REPUBLIKA.CO.ID, JAKARTA -- Menteri Koordinator Bidang Perekonomian Airlangga Hartarto menuturkan, pemerintah akan memastikan pemberian fasilitas yang dibutuhkan investor Uni Emirat Arab (UEA). Hal ini dilakukan agar realisasi investasi sesuai dengan harapan sedari awal.
Airlangga mengakui, besaran realisasi investasi memang kerap tidak sama persis dengan perjanjian semula. Secara waktu pun kerap meleset mengingat ada beberapa proses yang dibutuhkan.
"Salah satunya terkait refinery (pemurnian)," ujarnya ketika ditemui di Gedung Kemenko Perekonomian, Jakarta, Rabu (15/1).

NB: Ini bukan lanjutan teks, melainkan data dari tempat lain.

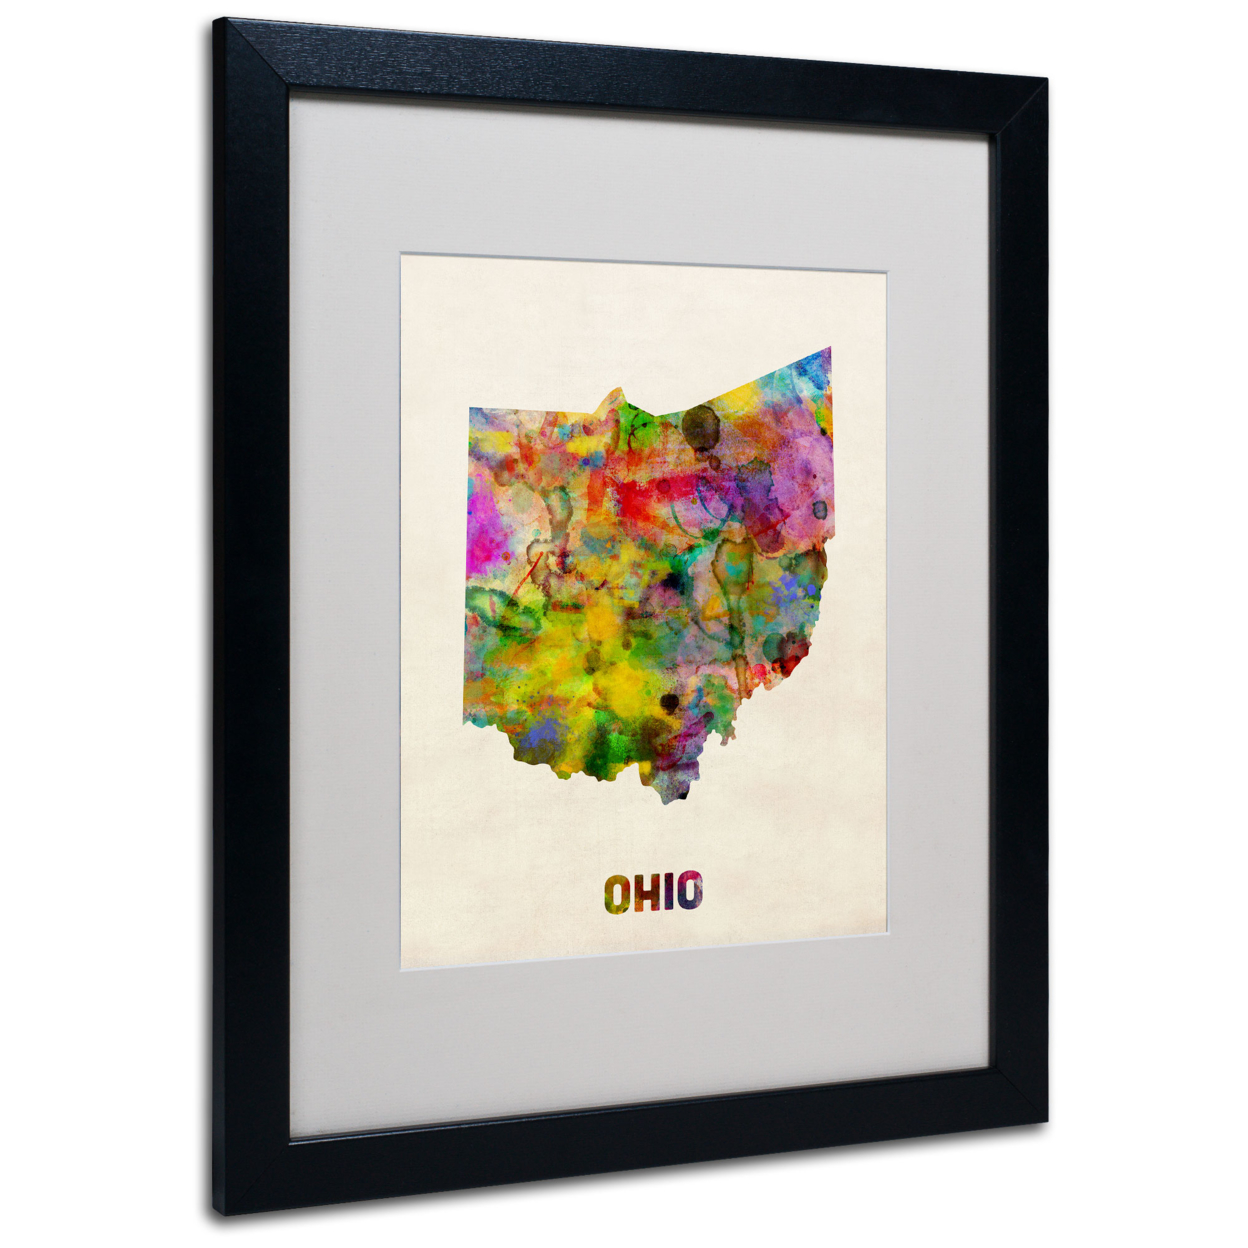 Michael Tompsett 'Ohio Map' Black Wooden Framed Art 18 X 22 Inches

Sebelumnya, Airlangga menjelaskan, ada hambatan mengenai investasi pengadaan lahan untuk proyek refinery Pertamina. Tapi, dengan berbagai kemudahan yang sudah disiapkan oleh pemerintah, ia meyakini hambatan itu tidak akan ditemui lagi.
Apalagi, pemerintah kini sedang menyusun Rancangan Undang-Undang Omnibus Law Cipta Lapangan Kerja yang juga memuat mengenai investasi. "Harapannya, investasi bisa dipercepat," kata Airlangga.

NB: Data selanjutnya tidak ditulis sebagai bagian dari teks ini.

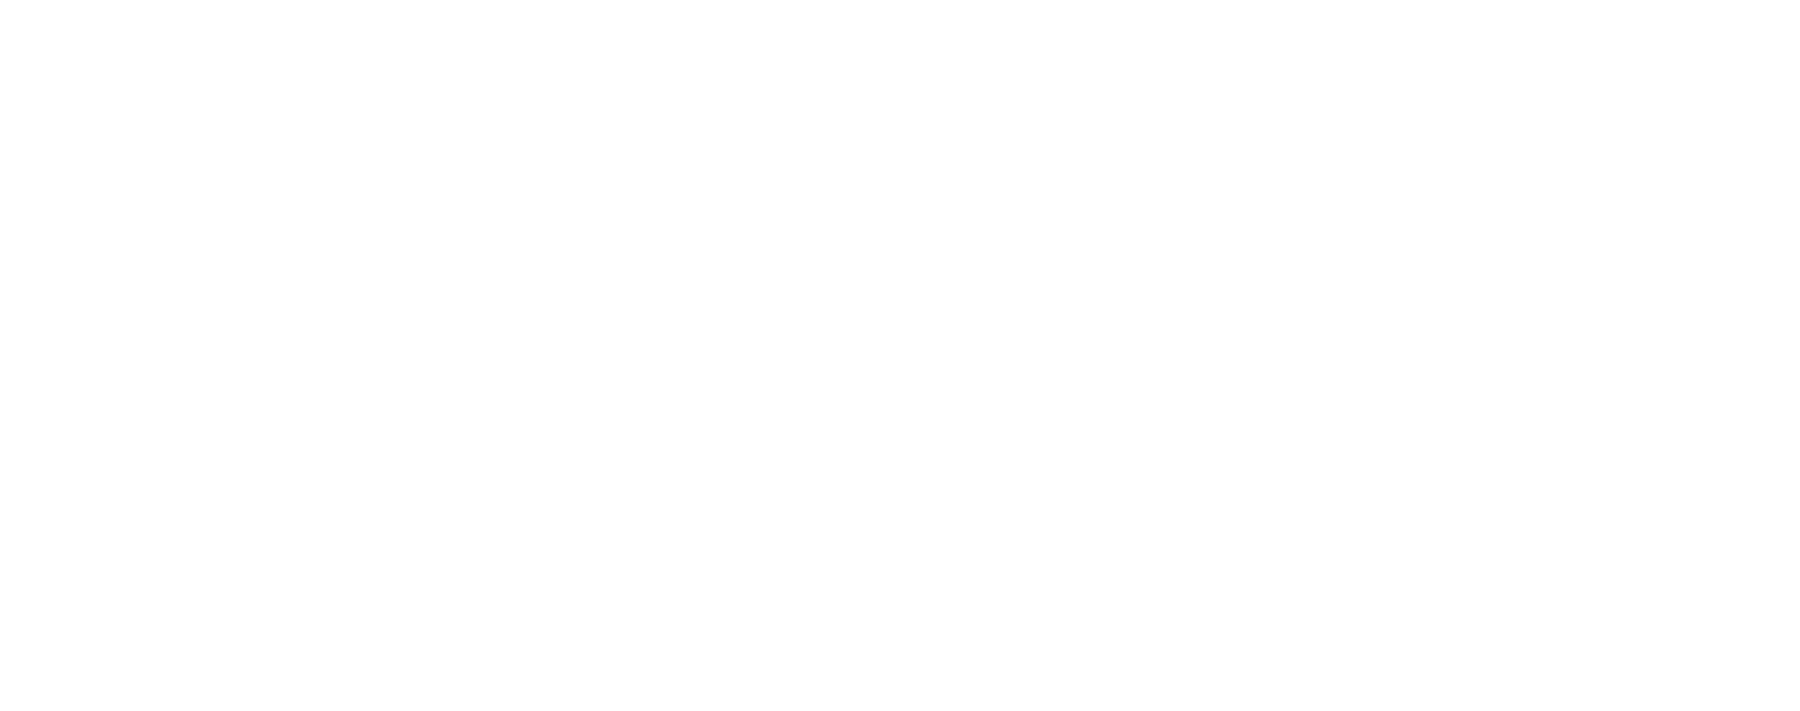 Buy BC
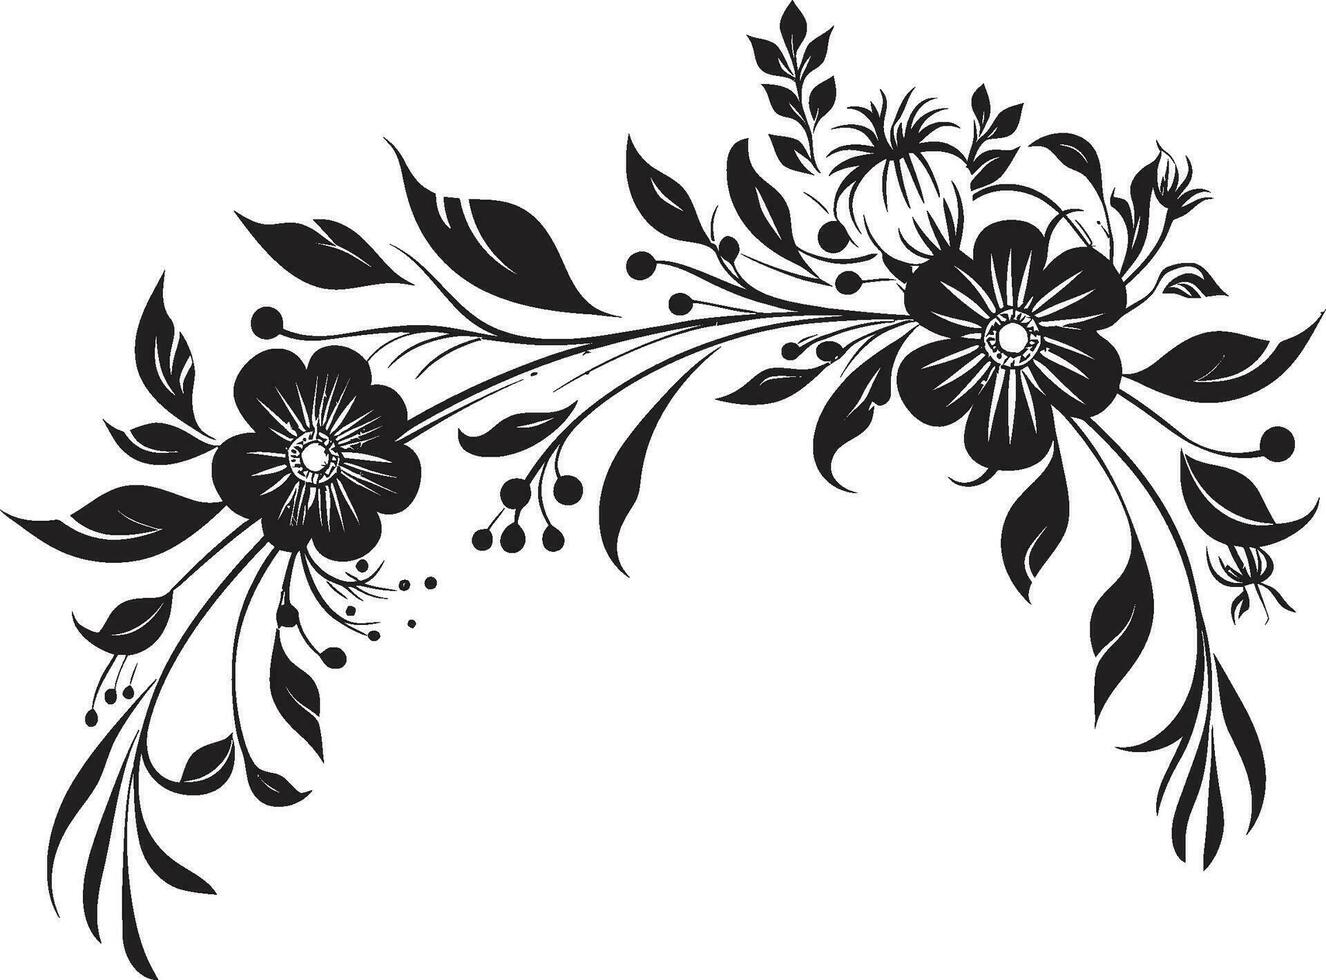 gefertigt Botanik Hand gezeichnet schwarz Symbol Logo künstlerisch Flora Hand gezeichnet schwarz Vektor Emblem

Sementara itu, Ekonom Institute for Development of Economic and Finance (Indef) Andry Satrio Nugroho mengingatkan, pemerintah Indonesia harus berhati-hati dalam menarik investasi dari Uni Emirat Arab (UEA). Sebab, dibandingkan negara Asia, negara Timur Tengah hampir tidak mampu merealisasikan investasinya di Indonesia.
Andry memberikan contoh, rencana investasi Arab Saudi melalui Saudi Aramco di Kilang Cilacap milik PT Pertamina (Persero) sejak dua tahun lalu. Tapi, kenyataannya nihil karena dirasa infrastruktur yang ada belum terbangun. "Mereka cenderung memilih berinvestasi di Malaysia, India dan Cina," ujarnya ketika dihubungi Republika, Rabu (15/1).
Sikap hati-hati yang dimaksud Andry adalah agar jangan sampai pemerintah Indonesia menjanjikan segala hal kepada UAE, namun tidak mendapatkan investasi yang dijanjikan. Atau, lebih buruk adalah Indonesia justru tidak mendapatkan apa-apa.